§ Problem to work on: Output exactly the lines of the listing below that run from the line with "Un Autor Toledano" through the line with "Hanglamp Slinky, 3-lamps, zwart, Ø 35 cm". No pictures.

§ Entries shown:
Start of Block
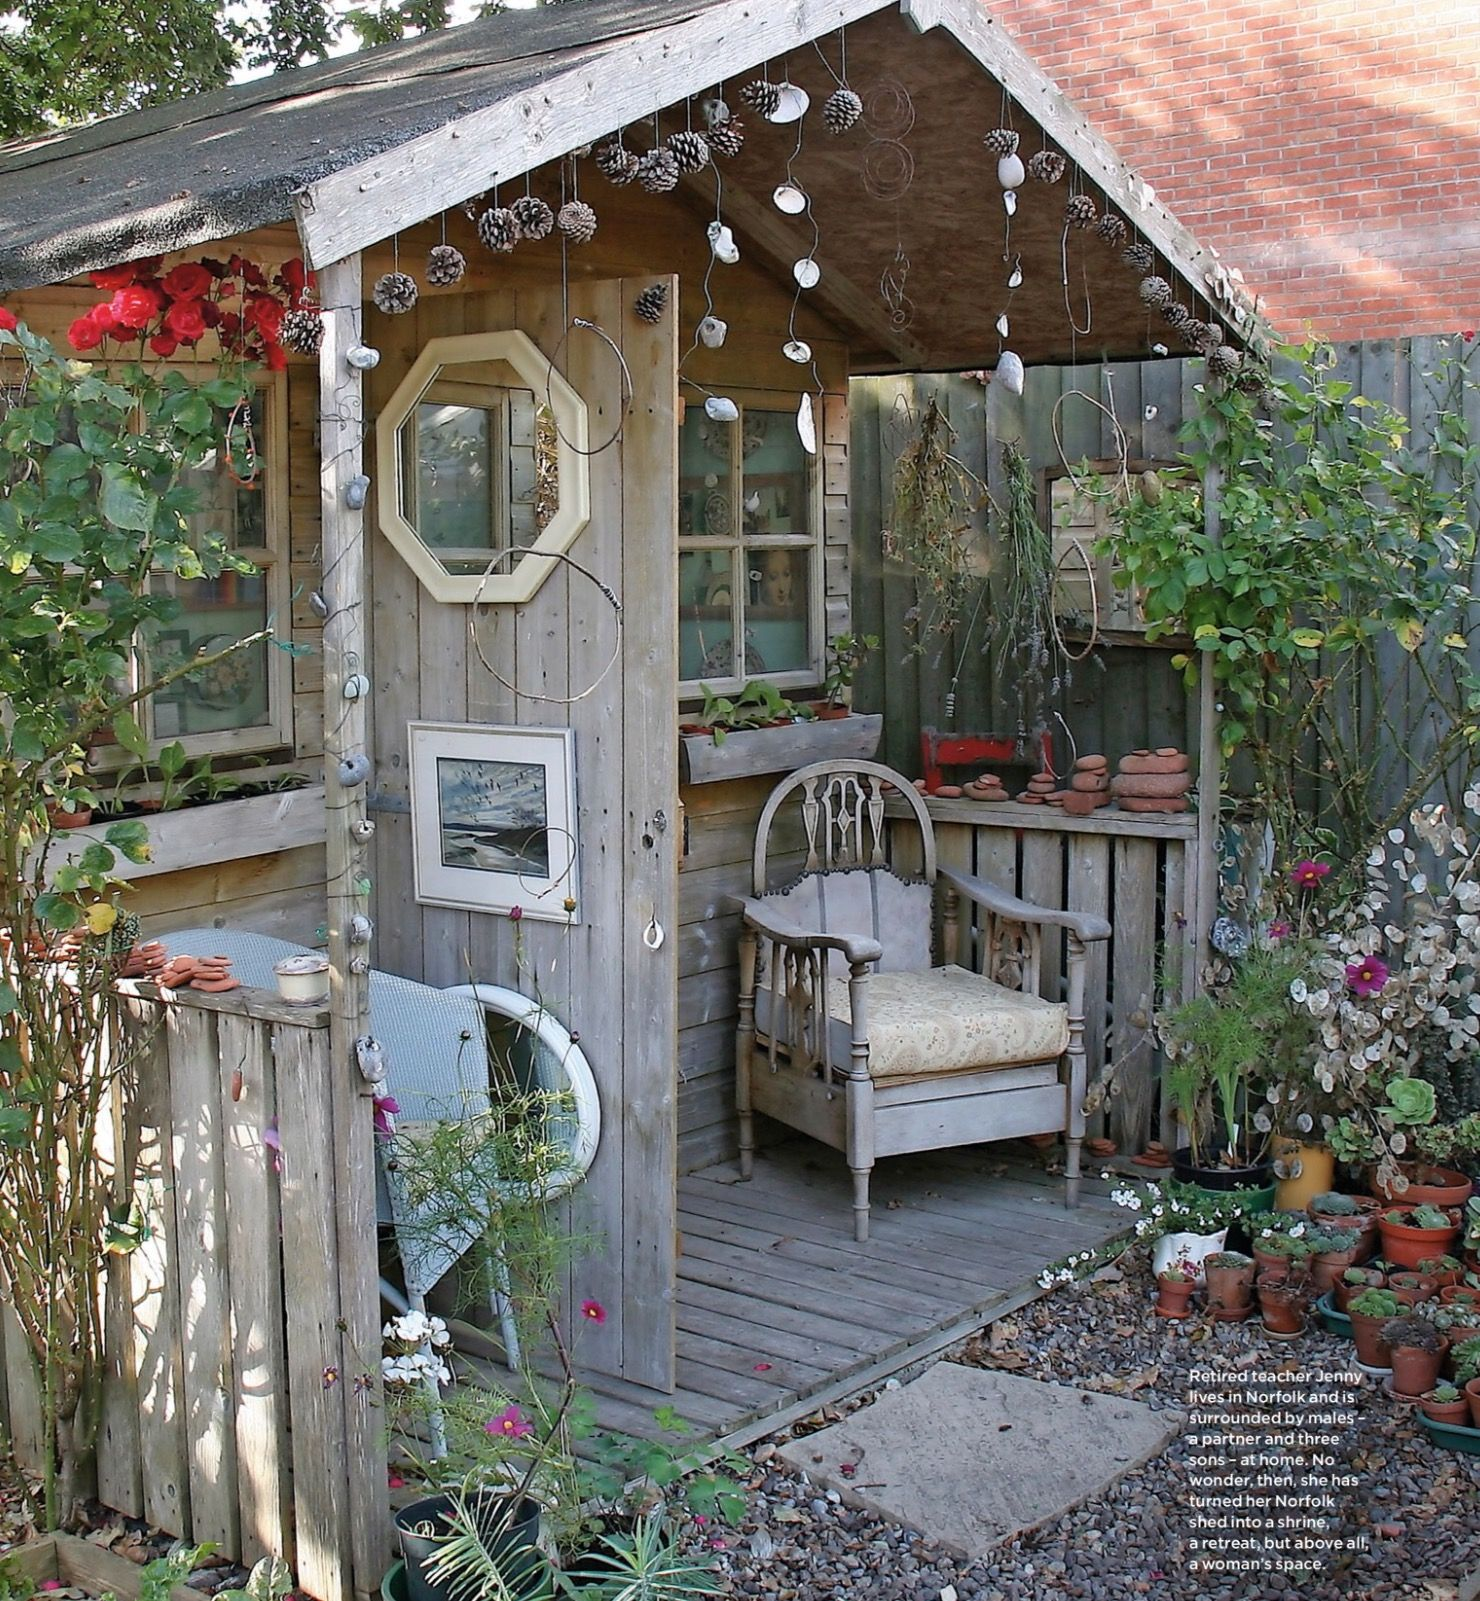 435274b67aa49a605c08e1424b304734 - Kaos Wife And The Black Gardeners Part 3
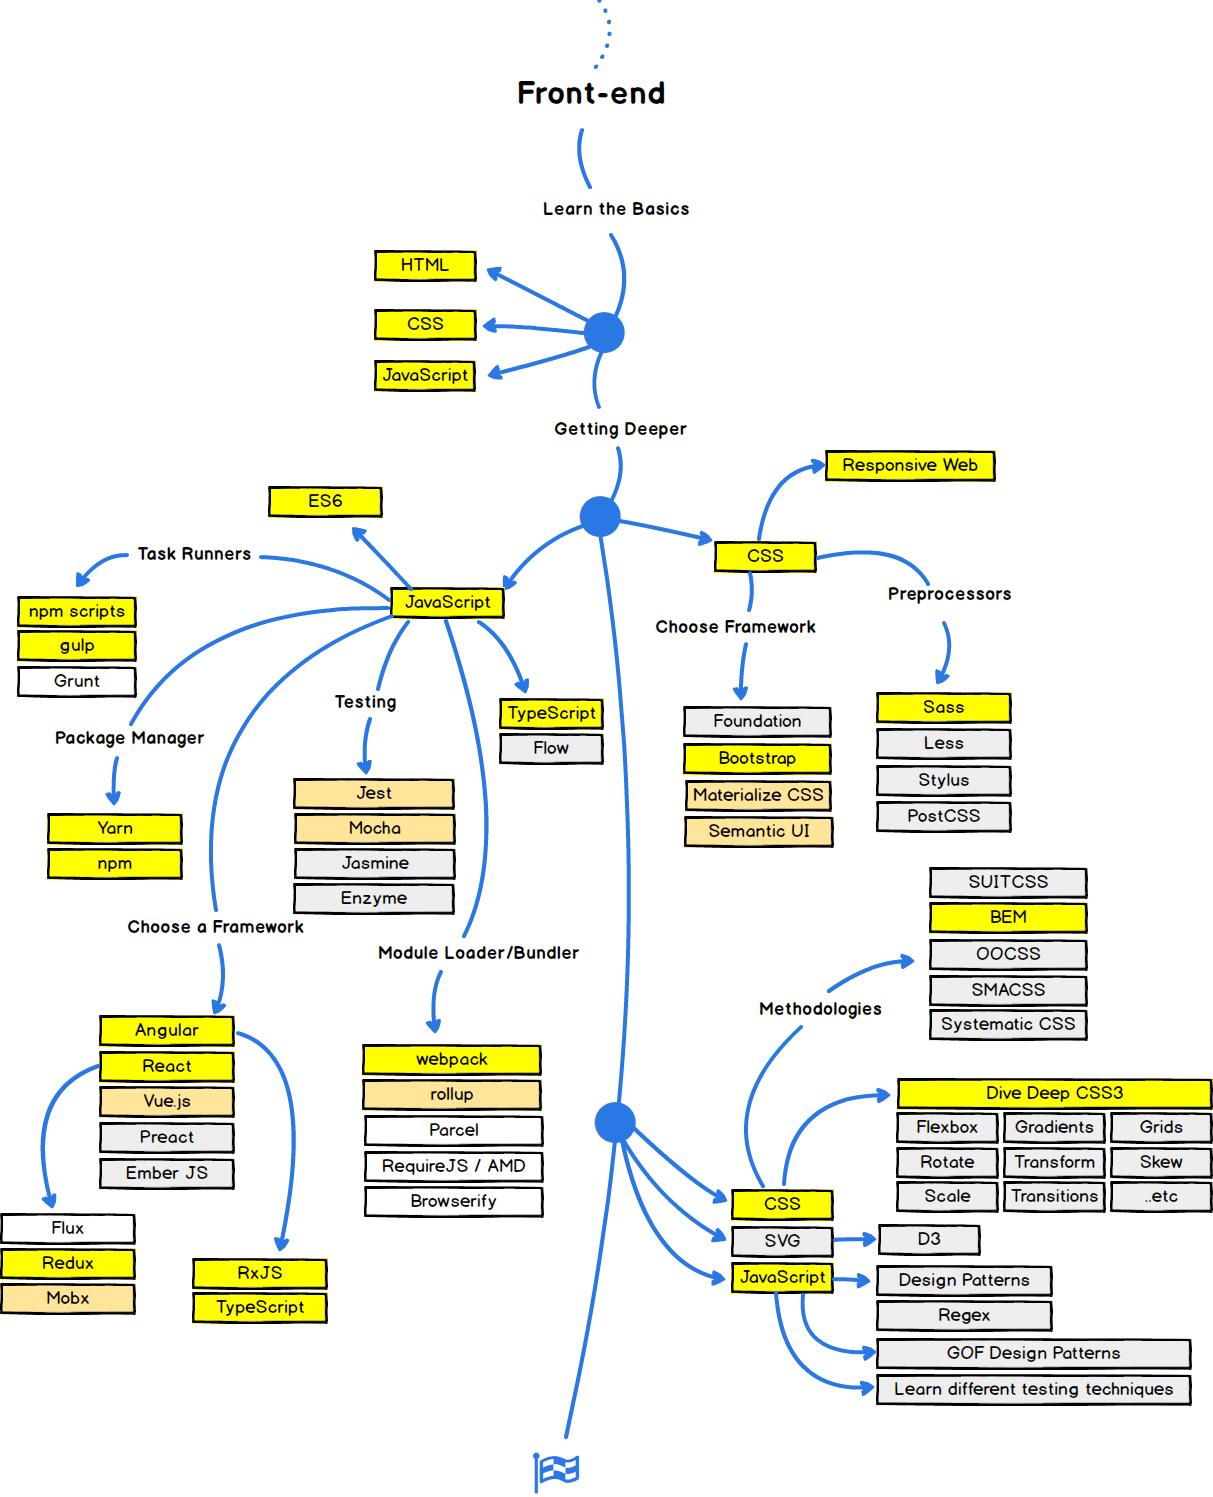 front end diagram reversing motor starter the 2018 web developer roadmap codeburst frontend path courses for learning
End of Block
Start of Block
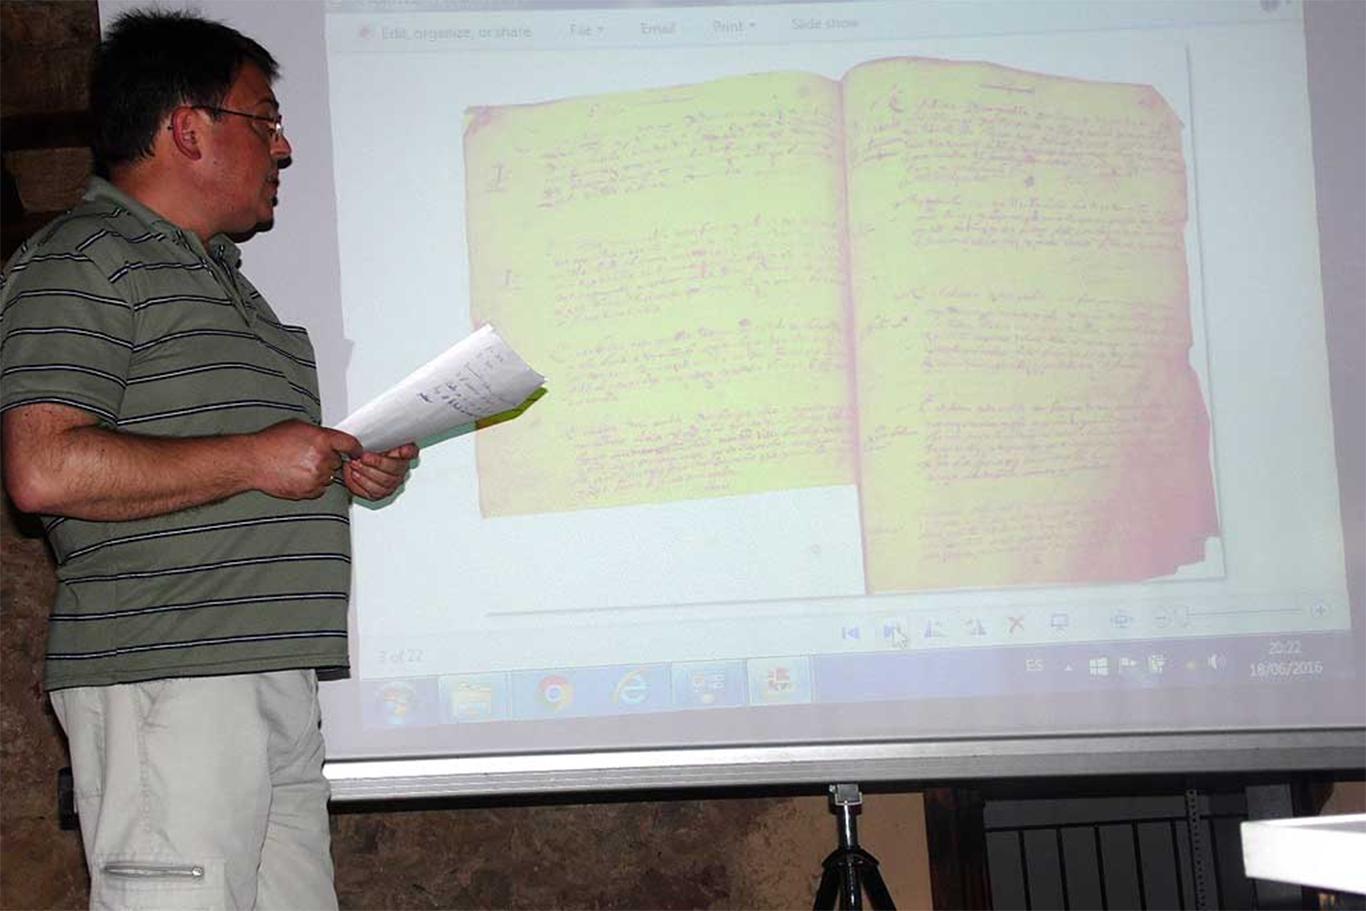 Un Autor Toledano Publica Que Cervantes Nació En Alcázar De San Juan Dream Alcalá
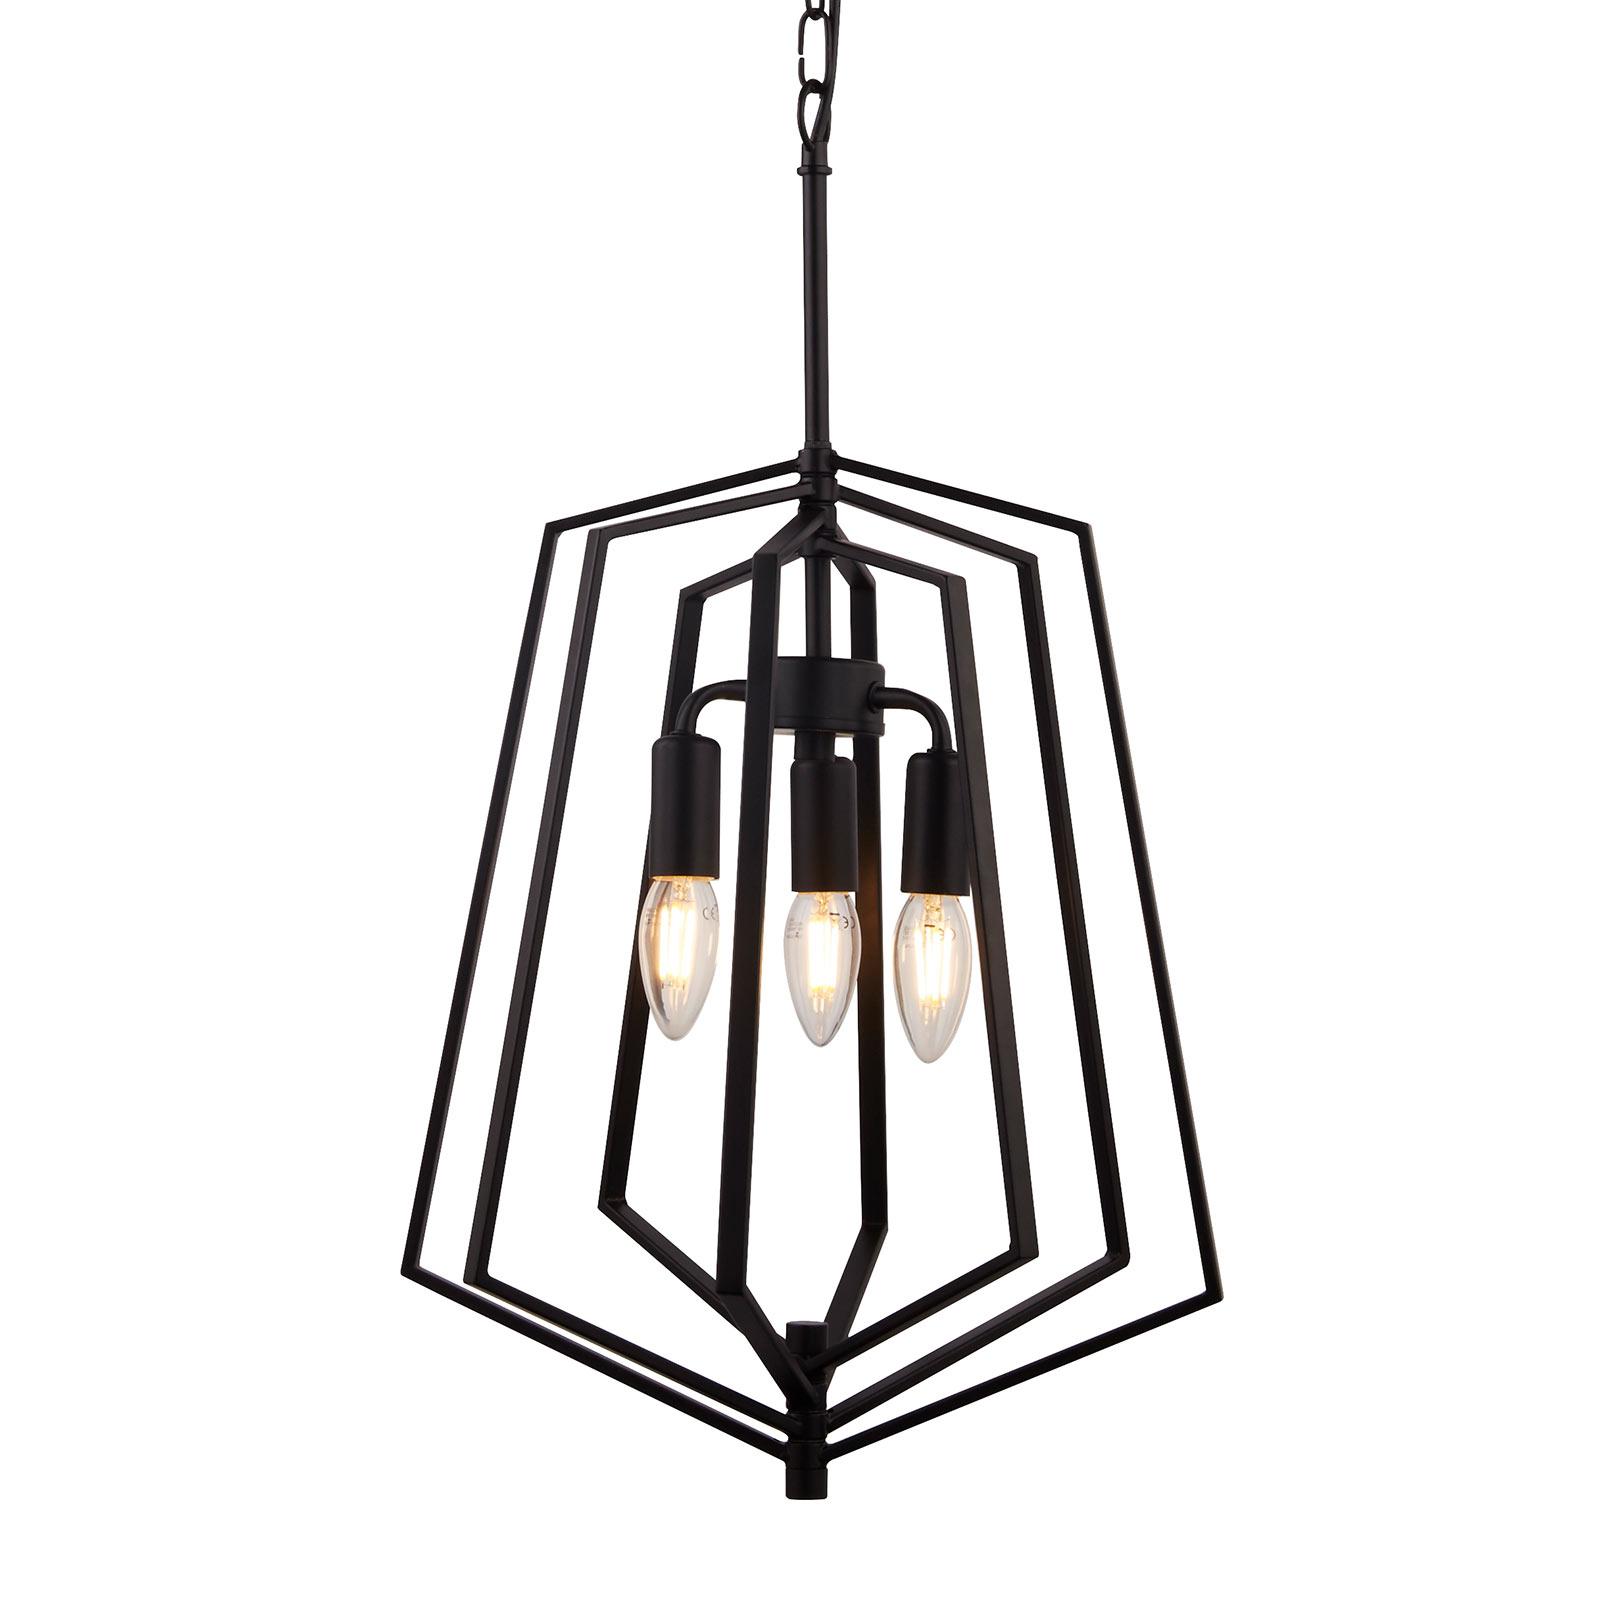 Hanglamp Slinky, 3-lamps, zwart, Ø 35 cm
End of Block
§ Final answer:
 Un Autor Toledano Publica Que Cervantes Nació En Alcázar De San Juan Dream Alcalá
 Hanglamp Slinky, 3-lamps, zwart, Ø 35 cm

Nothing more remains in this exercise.